Sociedade

Ministro Nuno Crato reitera que nenhum aluno ficará sem turma

Ministro Nuno Crato reitera que nenhum aluno ficará sem turma

O ministro da Educação, Nuno Crato, voltou a garantir que nenhum aluno ficará sem turma no próximo ano letivo, nem sem acesso à "modalidade de ensino desejada", referindo que o processo de constituição de turmas ainda está em curso.

"É um processo em curso, não dramatizemos as coisas. Estamos a rever todas as propostas que existem de constituição de turmas, como é evidente temos cuidado para que não haja turmas com três ou quatro alunos, porque é o melhor para os alunos, porque lhes dá uma experiência mais diversificada, e porque é também o que é mais lógico fazer em termos de utilização dos recursos", afirmou Nuno Crato, esta terça-feira, no parlamento.

Nuno Crato falava no final da tomada de posse de David Justino como presidente do Conselho Nacional de Educação, numa cerimónia que decorreu no Salão Nobre da Assembleia da República.

O prazo para as escolas indicarem aos serviços do Ministério da Educação e Ciência (MEC) o número de professores sem turmas atribuídas (horários zero) foi prolongado por 24 horas, até ao final desta terça-feira, e Nuno Crato afirmou que não está previsto qualquer prolongamento adicional desse prazo.

"Poderemos garantir que todos os alunos terão a sua turma e a turma adequada à modalidade de ensino desejada. Claro que temos que garantir isso", voltou a frisar o ministro, depois de na segunda-feira já ter dado essa garantia.

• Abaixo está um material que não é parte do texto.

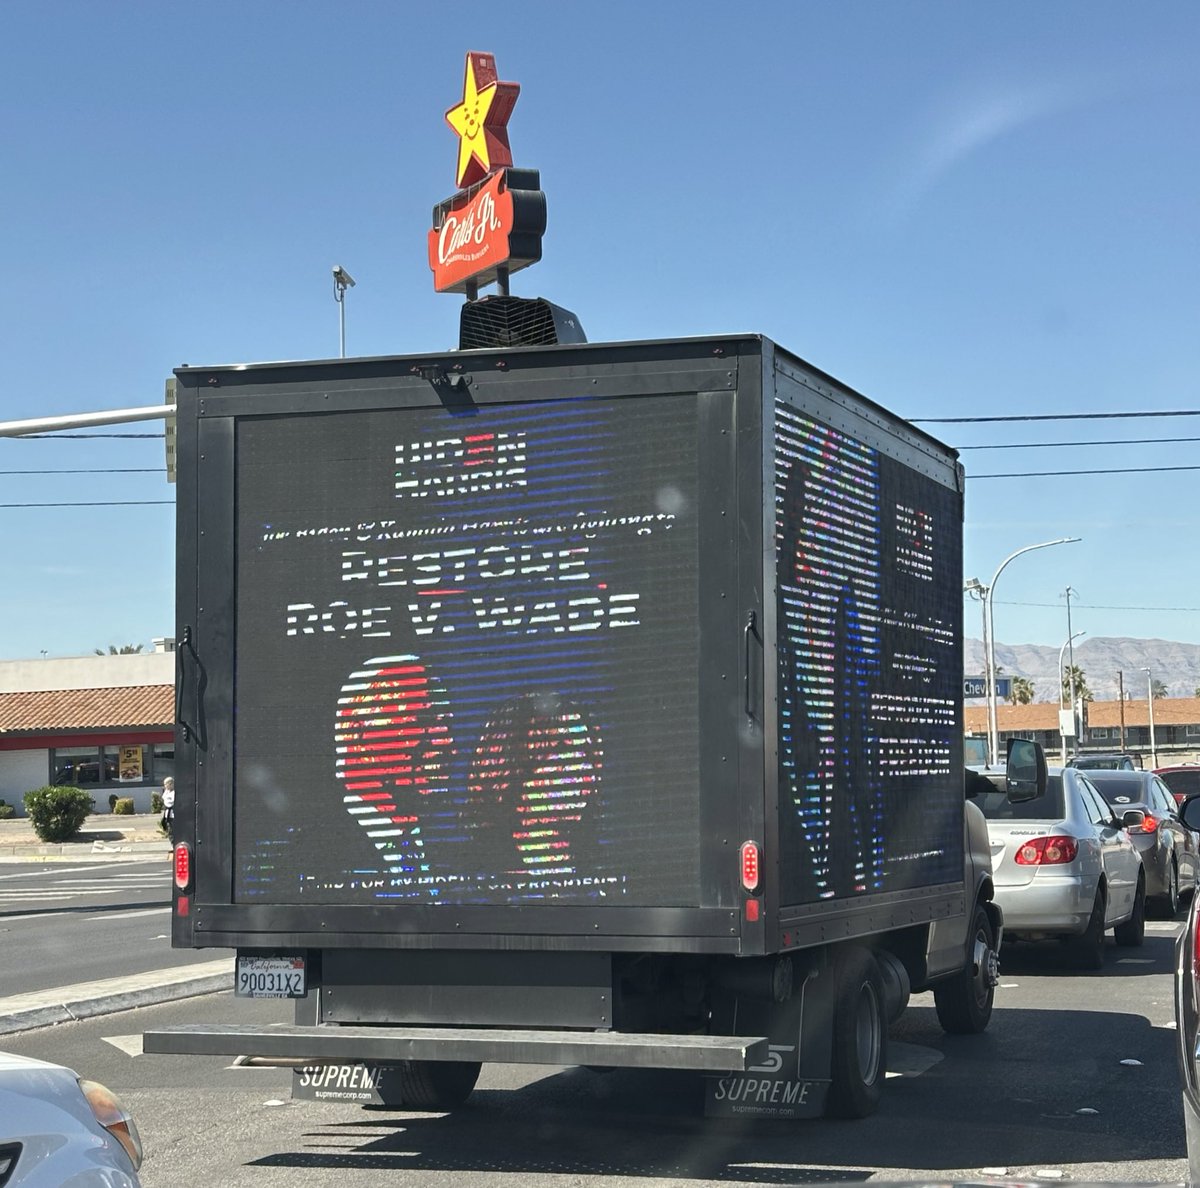 Spotted in East Las Vegas (heavy Dem area) yesterday. It says “Joe Biden & Kamala Harris are fighting to Restore Roe V. Wade” paid for by Biden/Harris campaign. (iPhone couldn’t get good pic) Dems are putting heavy resources into making this election about abortion.

A Associação Nacional de Diretores de Agrupamentos e Escolas Públicas (ANDAEP) lamentou os cortes definidos na rede escolar divulgada pelo Ministério da Educação e manifestou esperança de que Nuno Crato aprove as turmas que já estão constituídas.

O despacho da rede escolar do Ministério da Educação para o próximo ano, que chegou às escolas na sexta-feira ao final da tarde, define cortes nas turmas no ensino regular e nas turmas de cursos profissionais e Cursos de Educação e Formação (CEF).

Com o despacho, os diretores de turma das escolas viram não ser aprovadas turmas que já tinham sido constituídas e com alunos matriculados.

Também as principais federações sindicais da educação criticaram a redefinição da rede escolar, considerando que a medida tem "um caráter antipedagógico" e que visa despedir professores, criticando ainda o "timing" do anúncio, por entenderem que devia ter acontecido em "tempo útil", antes de realizadas as matrículas.